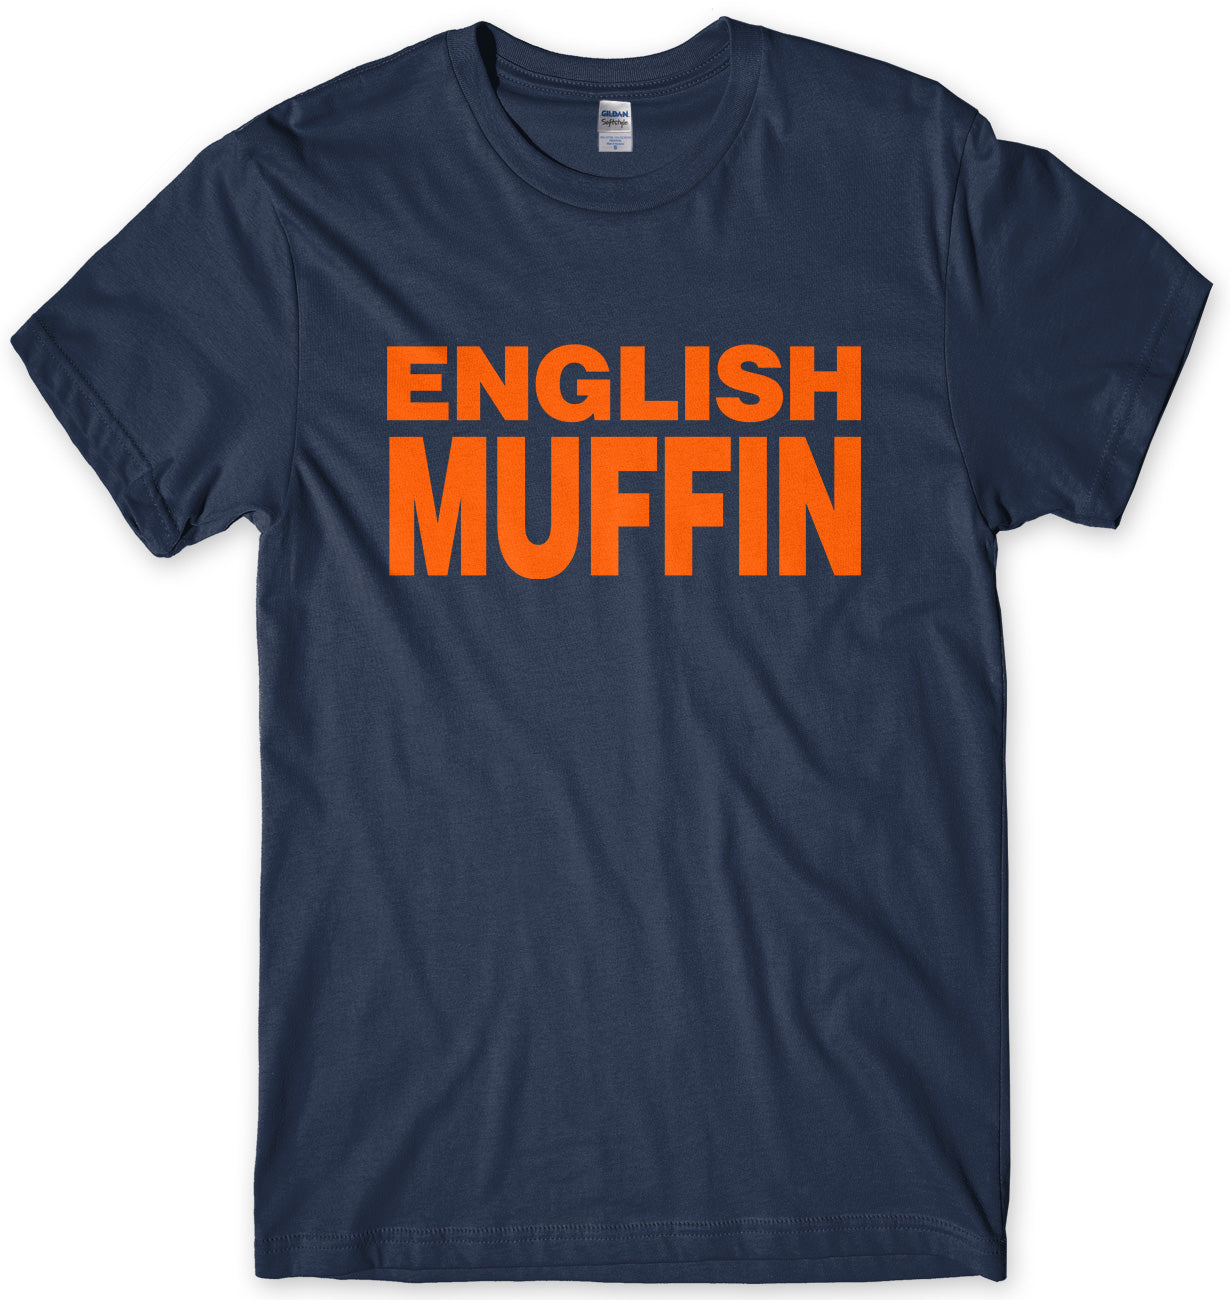 ENGLISH MUFFIN - AS WORN BY NIGELLA LAWSON MENS UNISEX T-SHIRT
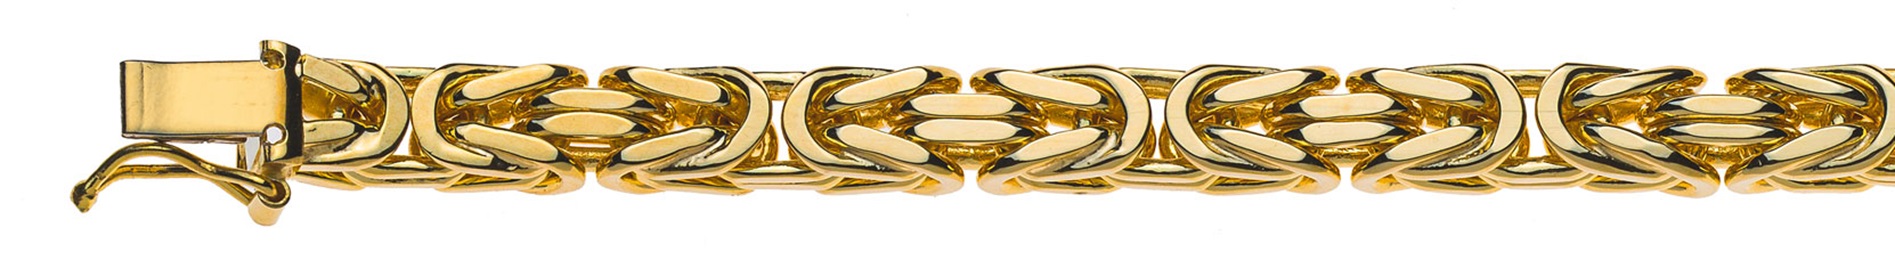 AURONOS Prestige Halskette Gelbgold 18K Königskette 55cm 5mm
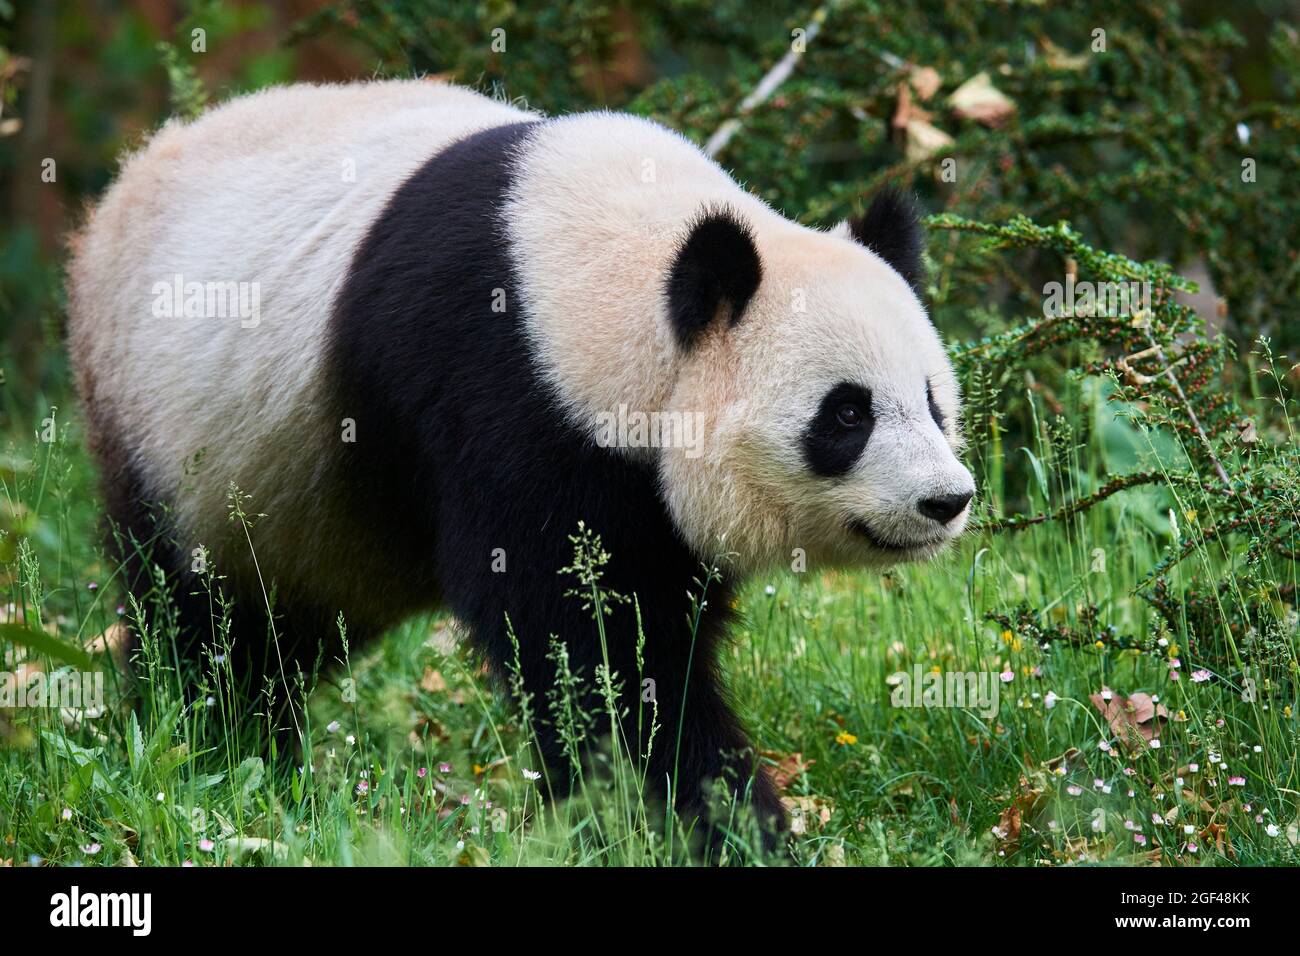 Portrait géant de panda mâle (Ailuropoda melanoleuca) captif, Zoopark Beauval, France. Banque D'Images
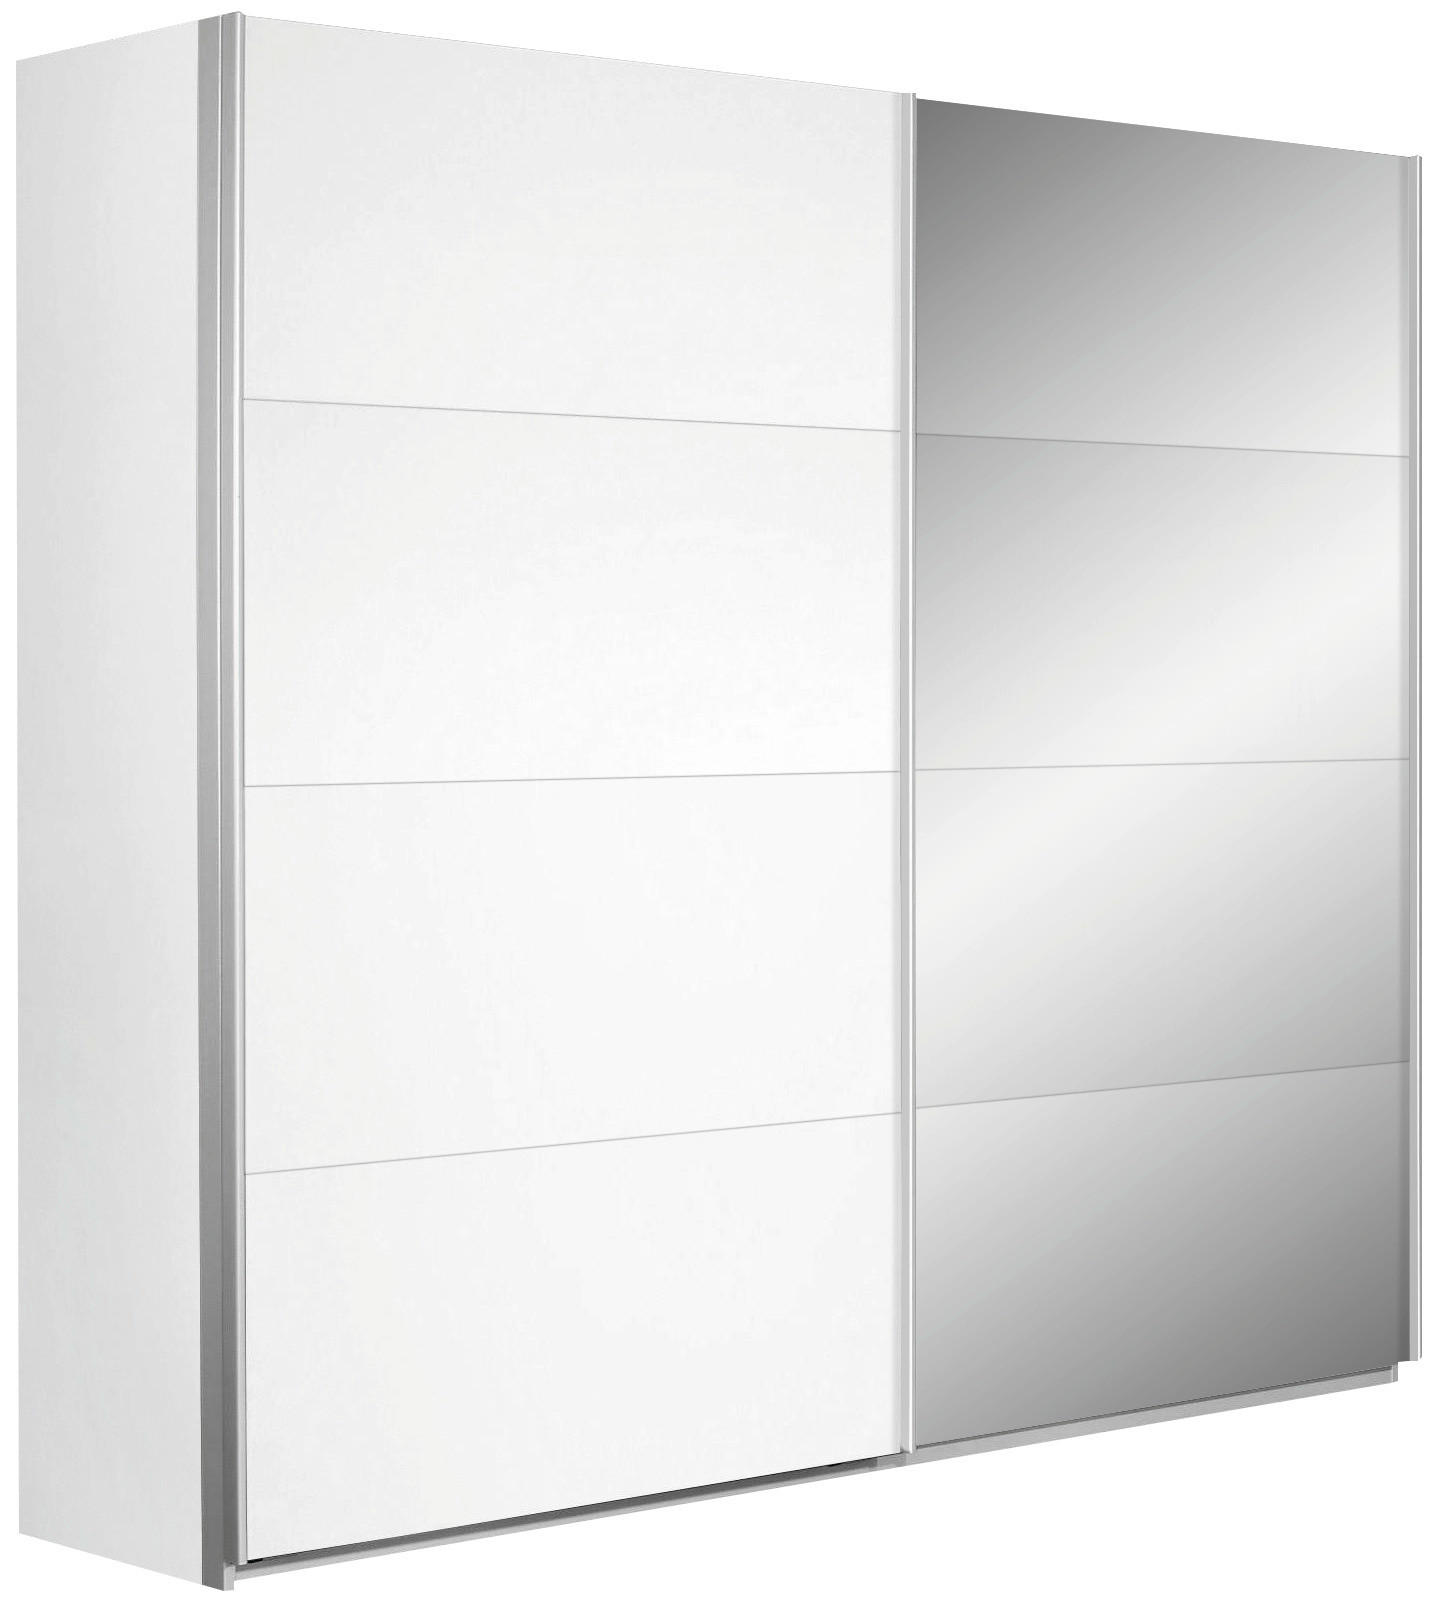 SCHWEBETÜRENSCHRANK 2-türig Weiß  - Silberfarben/Weiß, Design, Glas/Holzwerkstoff (226/210/62cm) - Carryhome

#### Exercise prompt:
From the line containing "AURONOS Prestige Halskette" down to the final line of the material, restate every line word for word, and only those; drop the pictures.

#### Response area:
 AURONOS Prestige Halskette Gelbgold 18K Königskette 55cm 5mm
 Portrait géant de panda mâle (Ailuropoda melanoleuca) captif, Zoopark Beauval, France. Banque D'Images
 SCHWEBETÜRENSCHRANK 2-türig Weiß  - Silberfarben/Weiß, Design, Glas/Holzwerkstoff (226/210/62cm) - Carryhome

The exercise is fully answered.